RANSAC is an iterative algorithms that tries to identify all of the outliers in a dataset over a large number of runs. Our implementation of RANSAC will be 4-point RANSAC, meaning that we will be sampling 4 points from our dataset to define our generalization for the whole dataset. In our case, we are trying to find outliers to our homography operation, so we will randomly sample 4 points from the first image’s point set. With these 4 points, we will use our computeH function from earlier to get a possible homography for this point set to that of the second image. Using this homography matrix, we calculate the estimated points in the second image using our first image’s point set. Computing the euclidean distance between the estimated point set and the matched point set gives us a metric to see how good this specific homography matrix is. To quantify it more clearly, we calculate how many inliers we have: the number of points that are are transformed within a threshold distance of the second image’s target set. We keep a running subset of the best points and the maximum number of inliers, so that on any given iteration, we can check if the current homography matrix yields more inliers. If it does, we want to update the running best subset of points for both images. After n iterations, we would ideally have found a subset of points that best fit the overall trend of the original set of points.

After RANSAC, we are only left with 17 points for the correspondences between the two images. For these points, we can notice that most if not all of the points are spatial in the same physical spot in both images, meaning our algorithm was successful. With our correspondence points, we can apply the same mosaic process from part A to our images!

The part A forest mosaic is on the left and the auto-stitched mosaic is on the right. The hyperparameters used for the auto-stitched mosaic are an ANMS threshold of 10, a matching threshold of 1.2, a RANSAC threshold of 1, and the number of RANSAC iterations equal to 10000. For the same sets of images from before, here are the results of the auto-stitching process.

The part A living room mosaic is on the left and the auto-stitched mosaic is on the right. The hyperparameters used for the above mosaic are an ANMS threshold of 15, a matching threshold of 1.1, a RANSAC threshold of 1, and the number of RANSAC iterations equal to 10000.

Lastly, we have the part A bedroom mosaic is on the left and the auto-stitched mosaic is on the right. The above mosaic uses the same hyperparameters as the forest mosaic. For all of the images, we see a very similar results between the auto-stitched mosaics and those from part A, meaning our homography matrices were very similar even if our point sets were completely different.

Reflection

Before starting Part B, I was looking forward to learning how to do RANSAC since this is a term I have seen and algorithm I have used countless times for my research lab. However, I never knew about the actual innerworkings of the algorithm, just how to use it to clean up a point cloud representation. While we weren’t working in 3D, being able to step through the algorithm and apply it from scratch was definitely the most fulfilling part of the project. At the same time, I did feel a little disappointed since I didn’t realize how simple it was to implement on our own, even if it was a simplified version.

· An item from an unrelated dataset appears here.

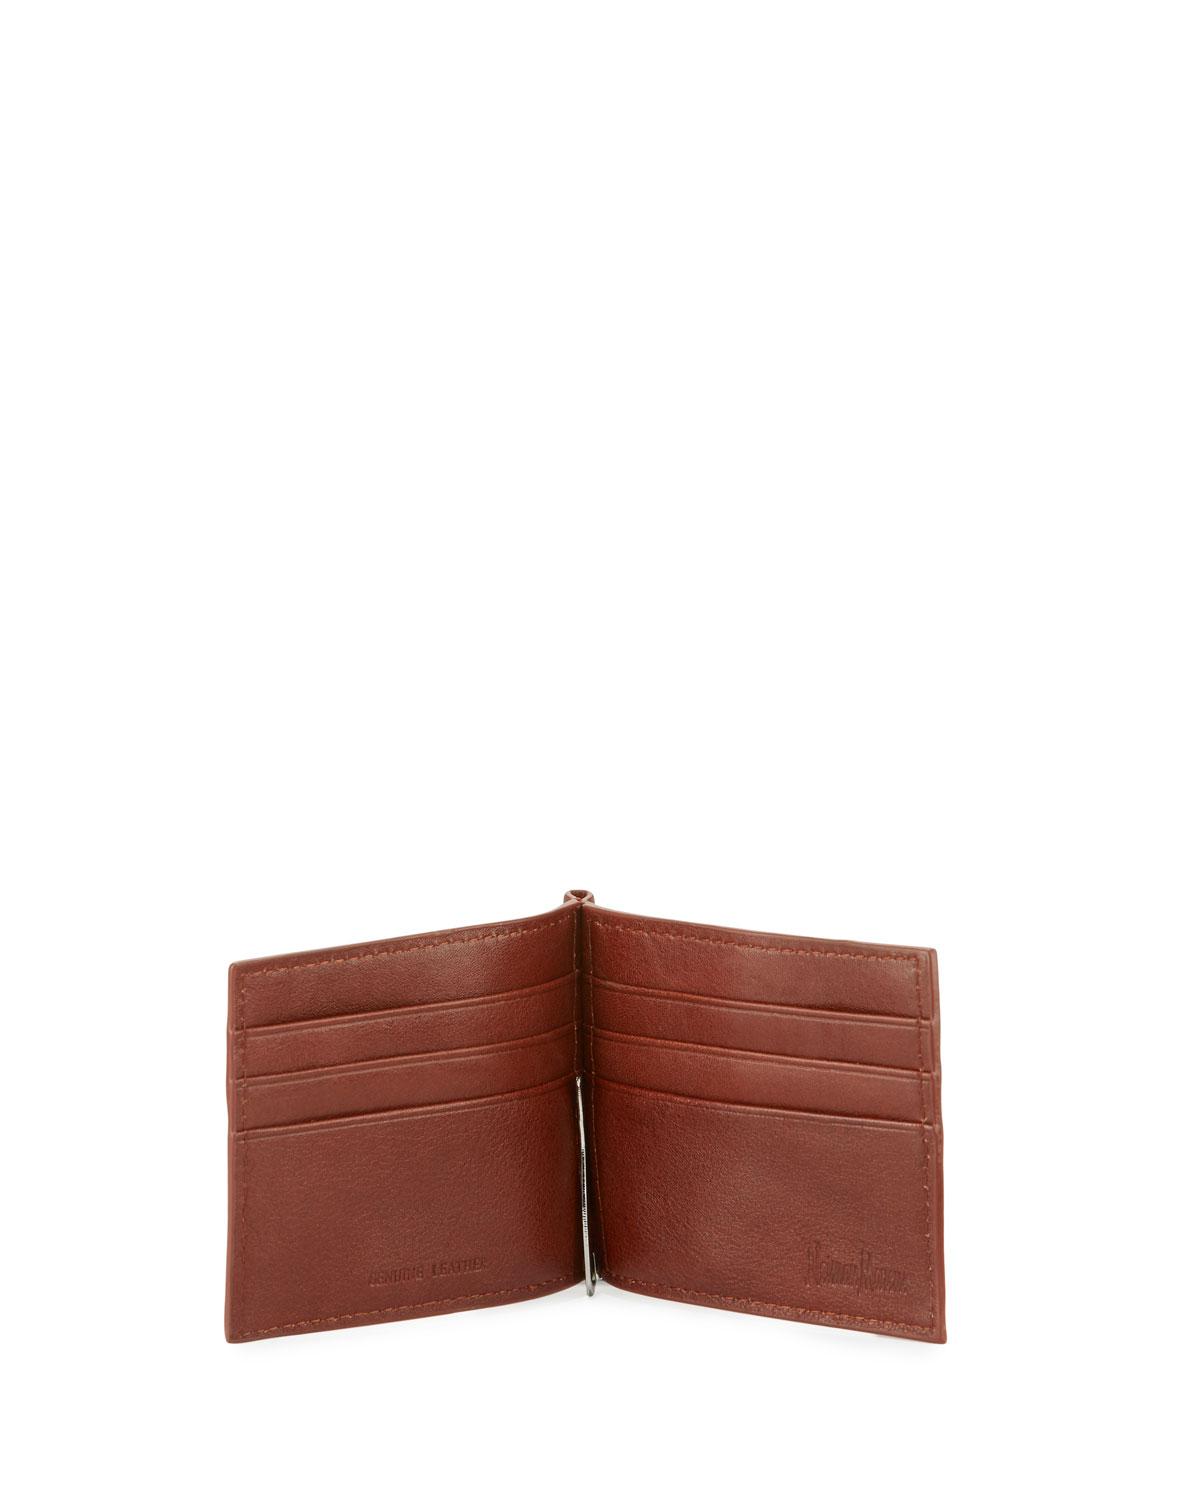 Neiman Marcus Leather Money-clip Bi-fold Wallet in Brown for Men - Lyst

As a result, the coolest new thing I learned throughout both parts of this project has to be ANMS, but more generally the features point/detection process. ANMS is something I have never heard of or used myself, so learning about the logic of the framework through the paper was definitely an awesome experience. Feature detection is such a big part of computer vision, yet I had never dove into the space as much as we did in this project, which I was really thankful for. My perspective of detection has been solely focused on learning techniques, so seeing other perspectives to solve the problem is always a great learning experience. Thank you for taking a look through my project page!